_What this task involves_
Beginning with the line containing "ROME, ITALY - NOVEMBER" and ending with the line containing "Traders work on", write out each line of the records below exactly; pictures and lines outside that range are left out.

_Supplied records_
══════════
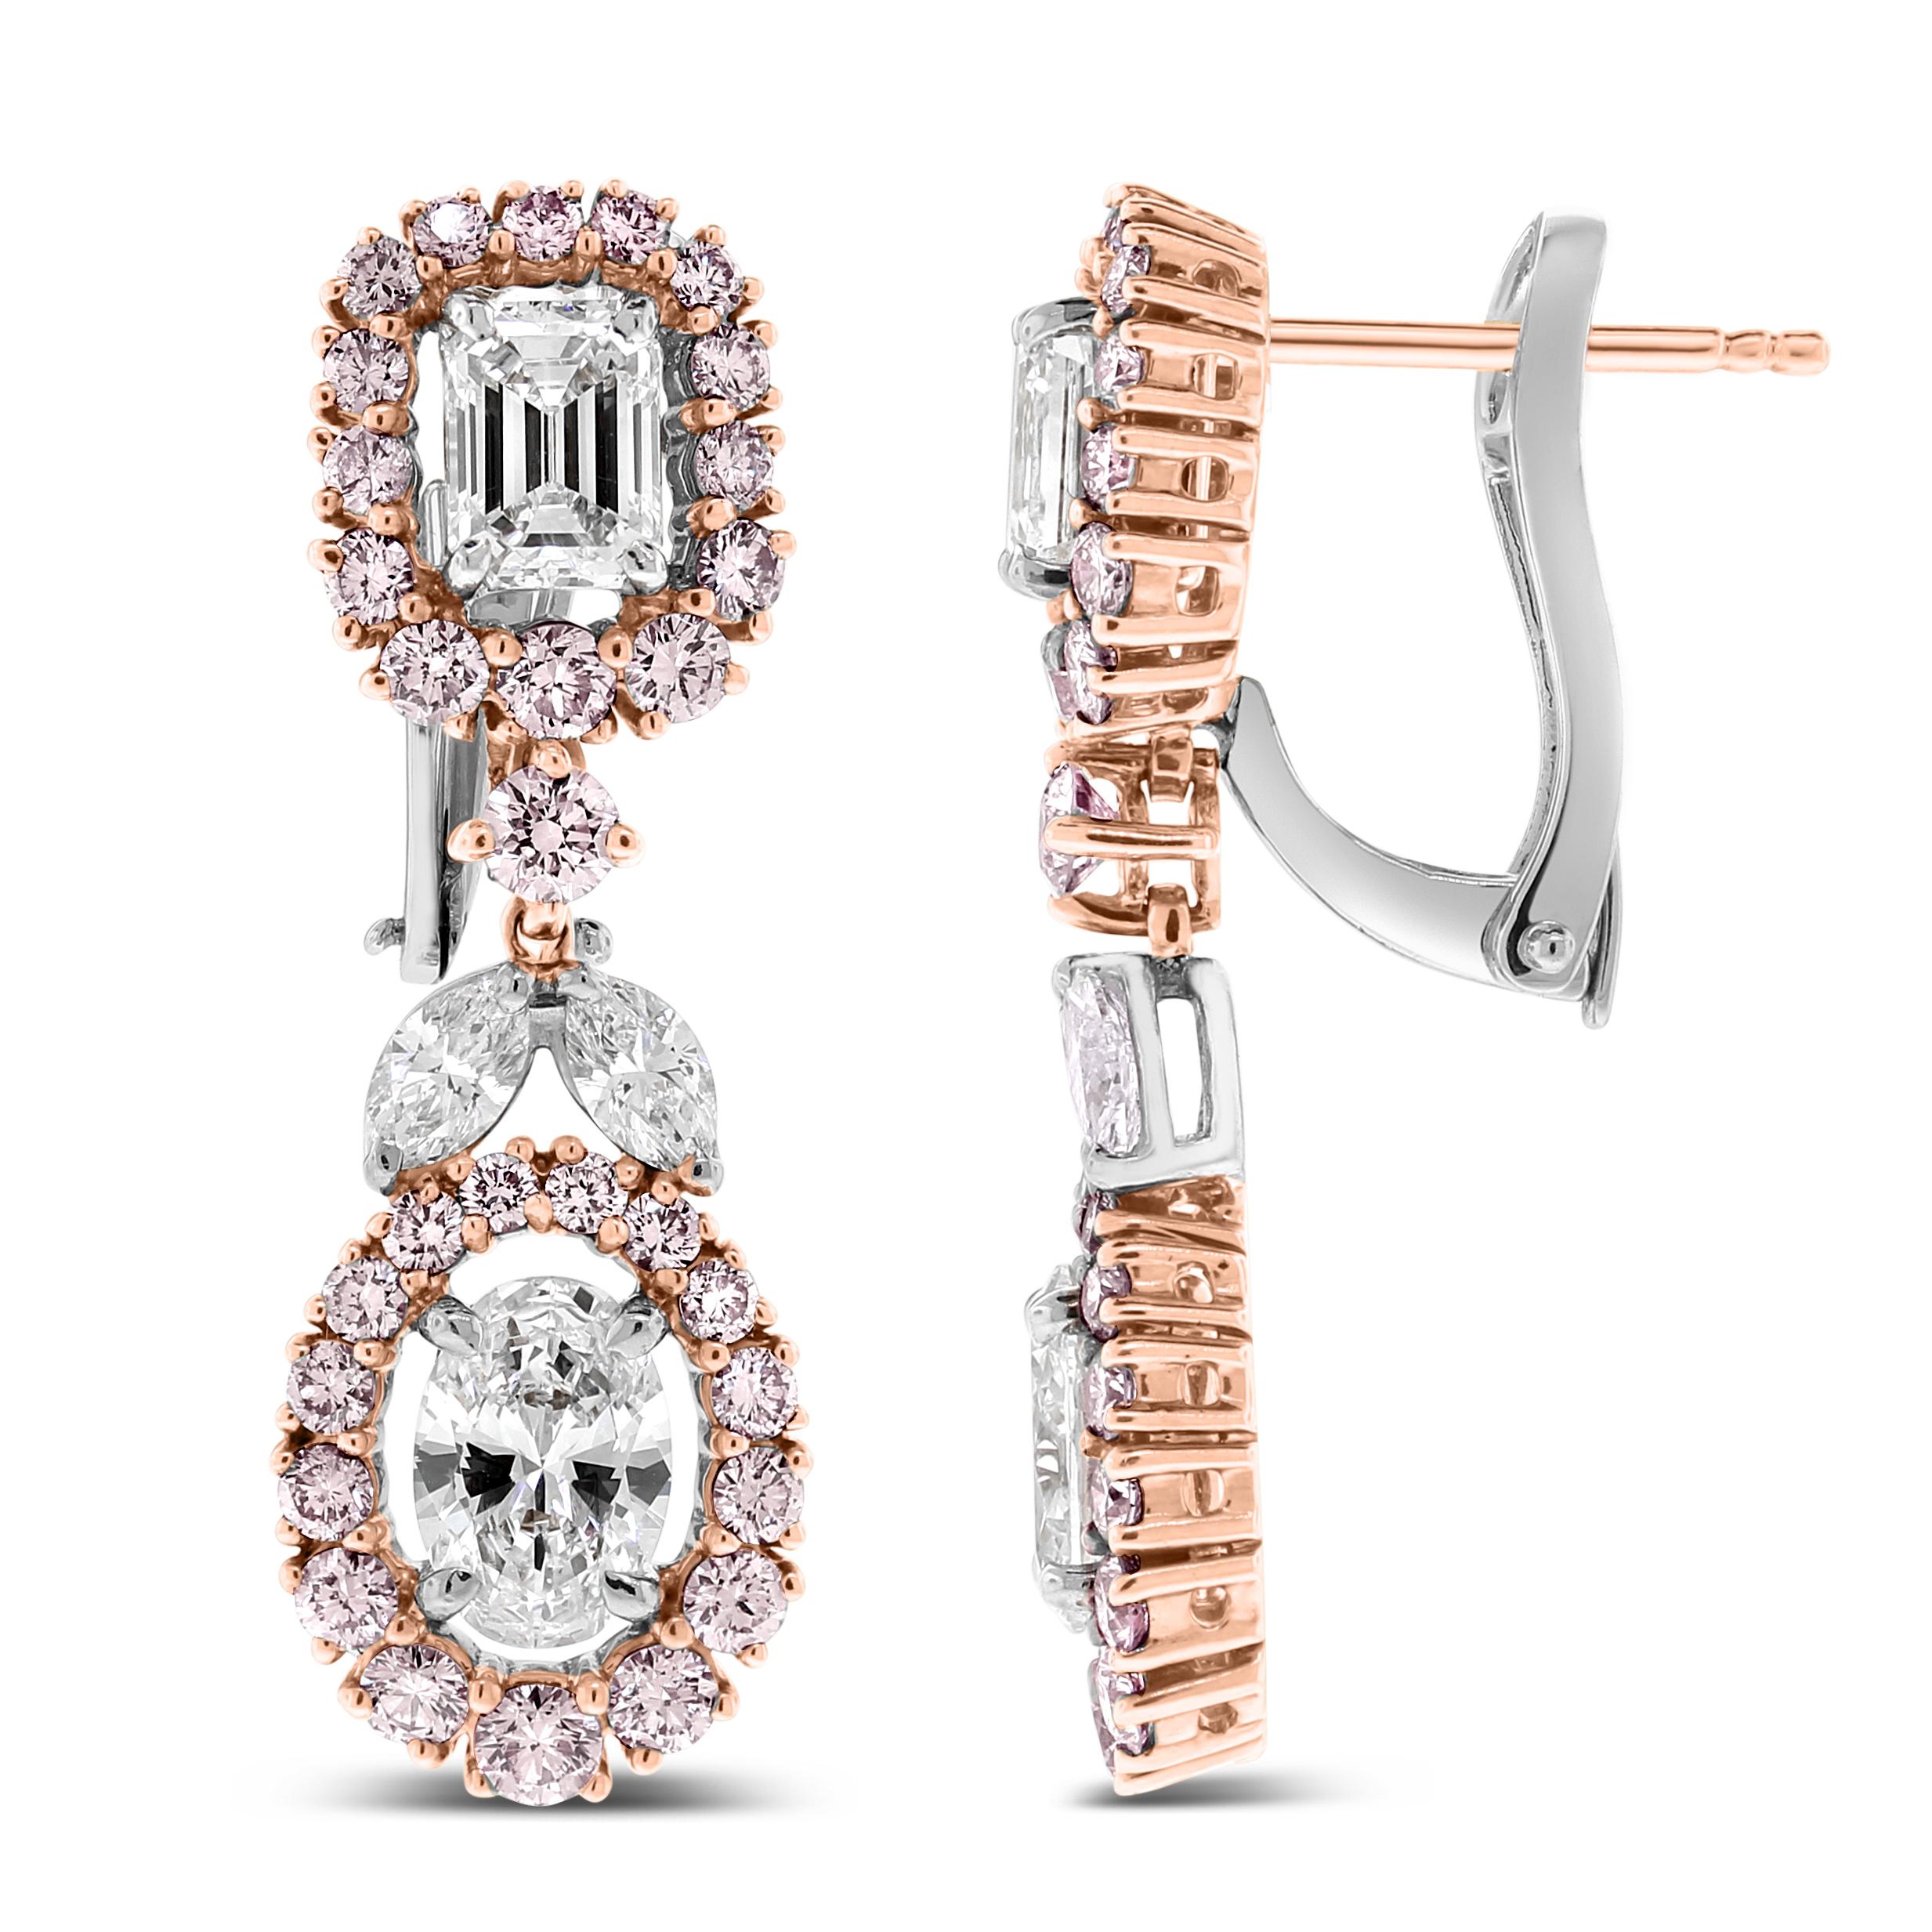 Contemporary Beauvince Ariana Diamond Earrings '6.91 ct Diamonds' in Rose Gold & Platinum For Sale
══════════
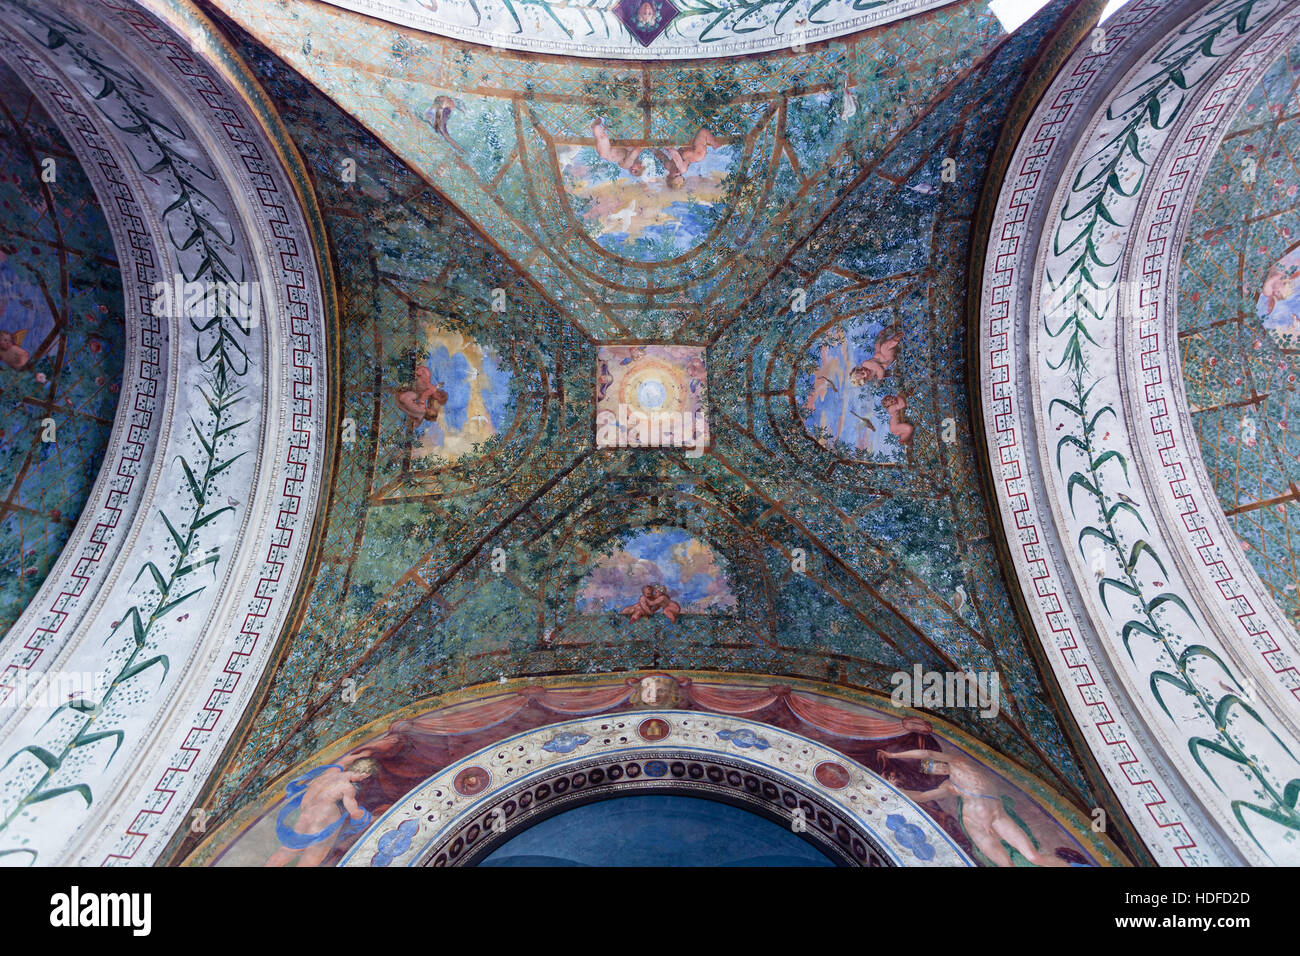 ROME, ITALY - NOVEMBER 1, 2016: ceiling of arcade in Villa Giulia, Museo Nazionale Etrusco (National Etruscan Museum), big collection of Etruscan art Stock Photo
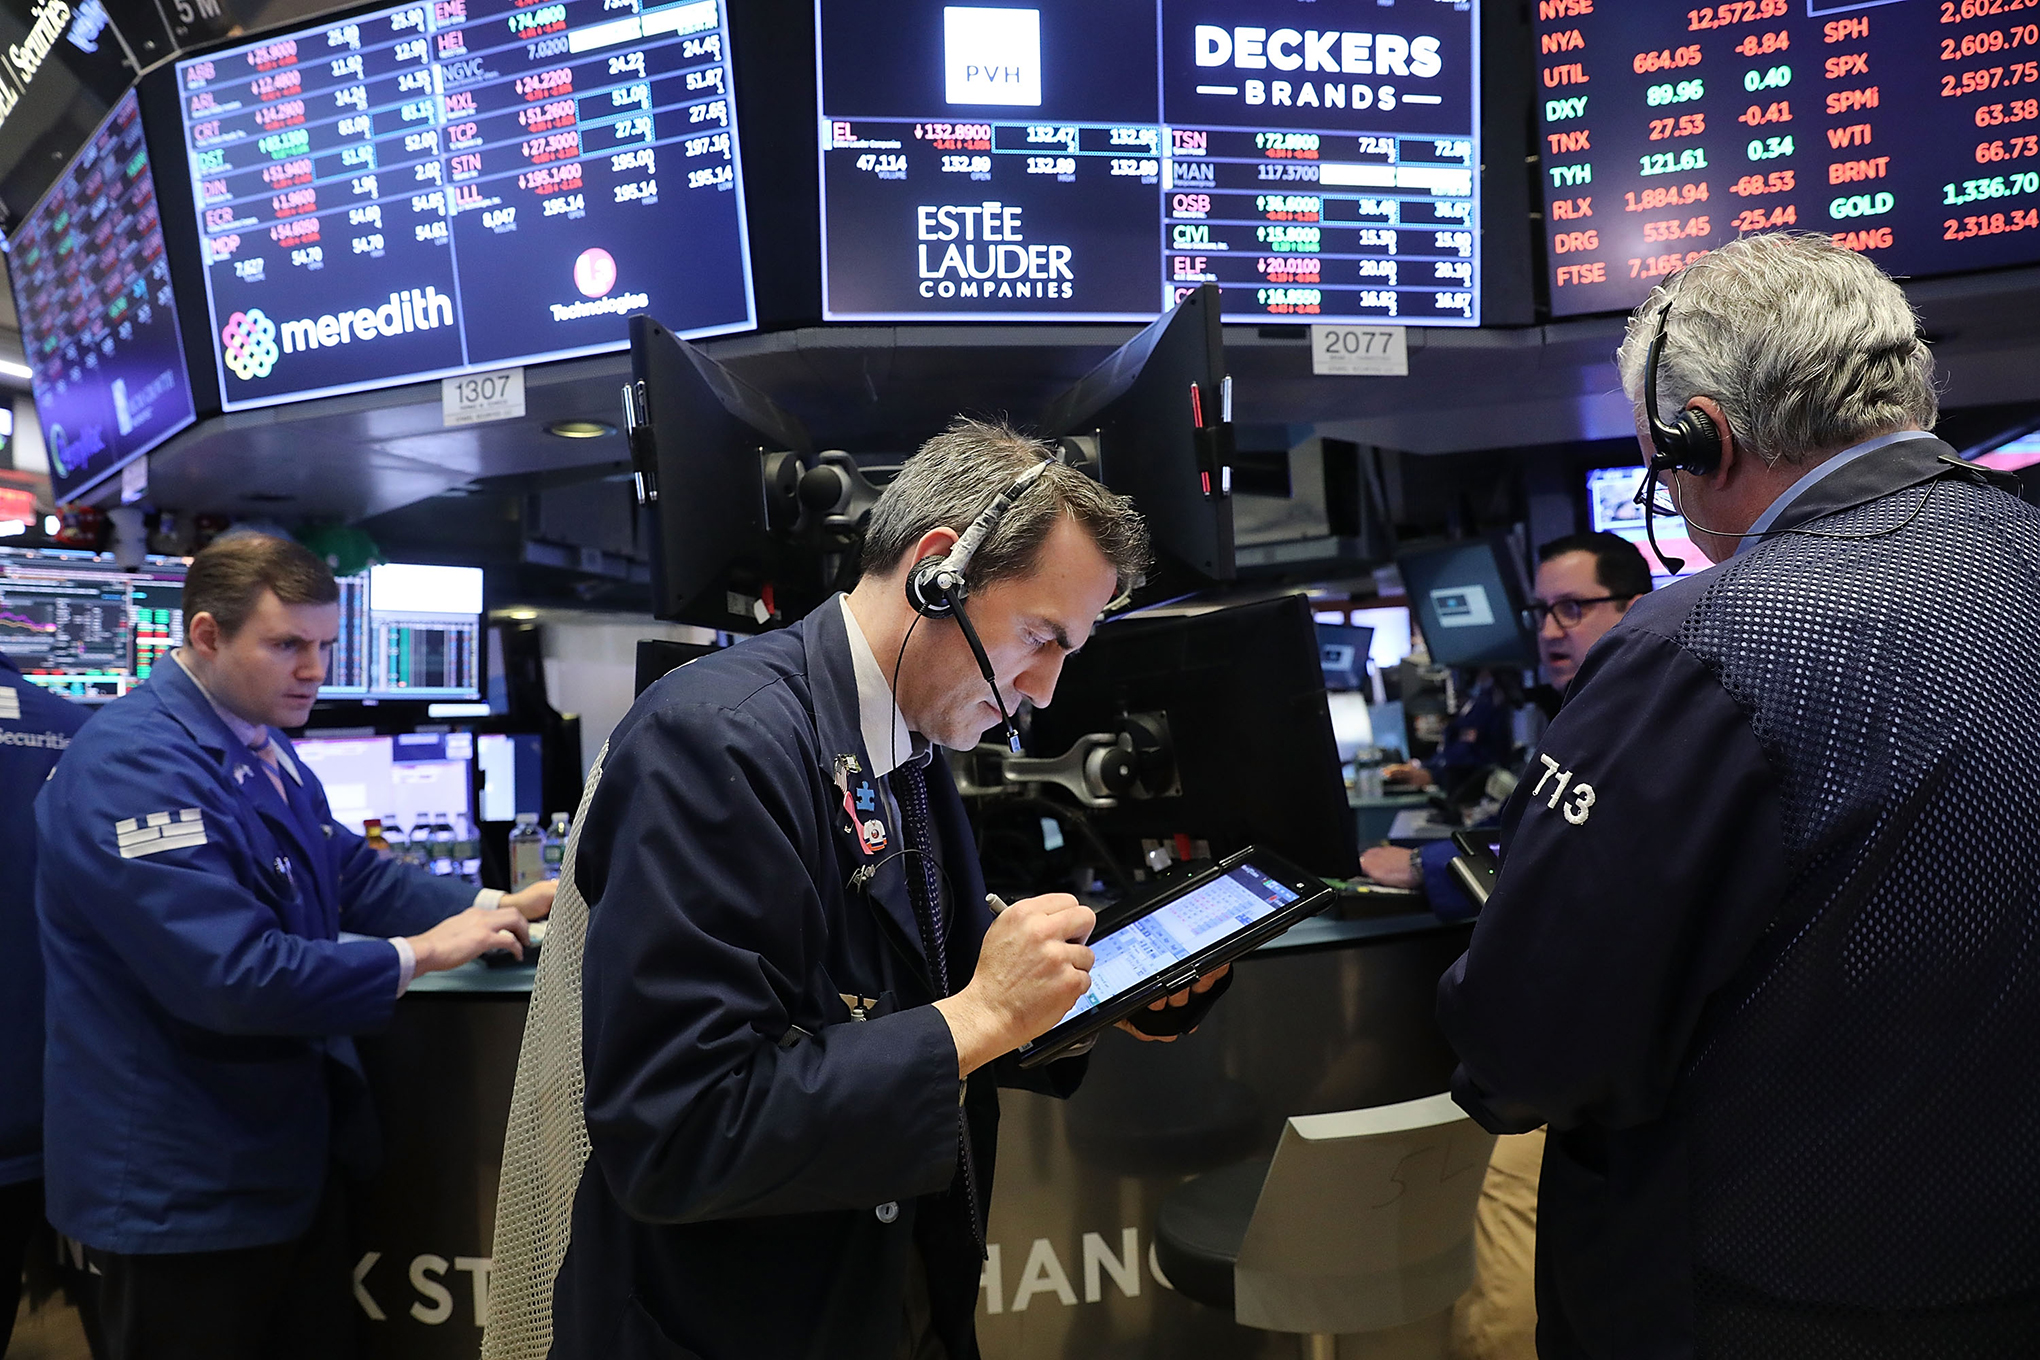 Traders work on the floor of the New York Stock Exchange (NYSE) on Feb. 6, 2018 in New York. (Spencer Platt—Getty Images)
══════════
_Response to the task_
 ROME, ITALY - NOVEMBER 1, 2016: ceiling of arcade in Villa Giulia, Museo Nazionale Etrusco (National Etruscan Museum), big collection of Etruscan art Stock Photo
 Traders work on the floor of the New York Stock Exchange (NYSE) on Feb. 6, 2018 in New York. (Spencer Platt—Getty Images)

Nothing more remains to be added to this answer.